Apache Atlas provides open metadata management and governance capabilities for organizations to build a catalog of their data assets, classify and govern these assets and provide collaboration capabilities around these data assets for data scientists, analysts and the data governance team.

It provides the following main features:

Metadata types & instances
Classification
Lineage
Search/Discovery
Security & Data Masking

Where the first two are the main features that Ranger needs. We will see that more later in the post in my example. I suggest you to spend a bit of time go through the upstream documentation to get some basic understanding, however, no need to go into too much detail.

Now we have some idea on what Atlas is, let’s get back to Resource and Tag Based policies in Ranger. For Resource Based Policy, I think it is pretty straightforward. It is basically a policy that you define based on resource, which can be Hive table, HDFS path, Kafka topic etc. This will be covered in the example I show later.
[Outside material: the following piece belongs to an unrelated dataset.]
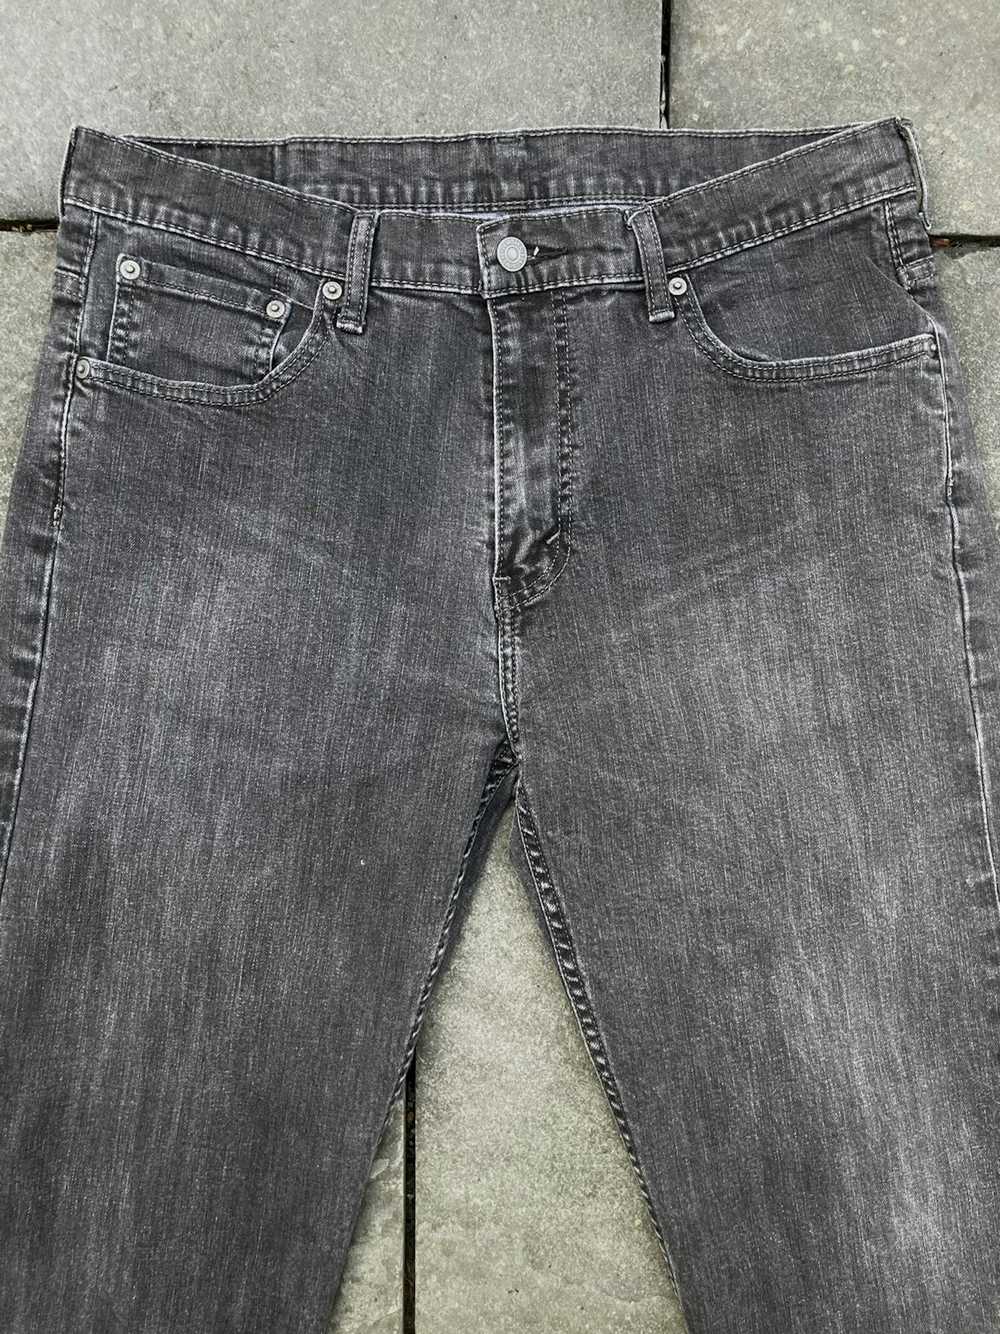 Levi's Levis 569 Grey Wash Denim Jeans - image 4

For Tag Based Policy, it is not as straightforward, and I can summarize its main features in below bullet points:

Separation of resource-classification from access-authorization
One policy can apply to resources from HDFS, Hive, Kafka etc, no need to update individual resources
Tags (classifications) are created in Atlas and attached to metadata (column, table, HDFS path etc)
Ranger TagSync (consumer) can be used to synchronize the tag store with Apache Atlas (producer) via Kafka (topic name ATLAS_ENTITIES)
Plugin of each services saves Tags info into policyCache locally for fast retrieval

Example worths a thousand words, so let me run through a very basic example to demonstrate how the Resource and Tag Based policy work in Ranger. We will start with Resource Based Policy to setup some rules to stop users from accessing certain columns from a table, and then use Tag Based Policy to turn the access ON for certain users but not for others.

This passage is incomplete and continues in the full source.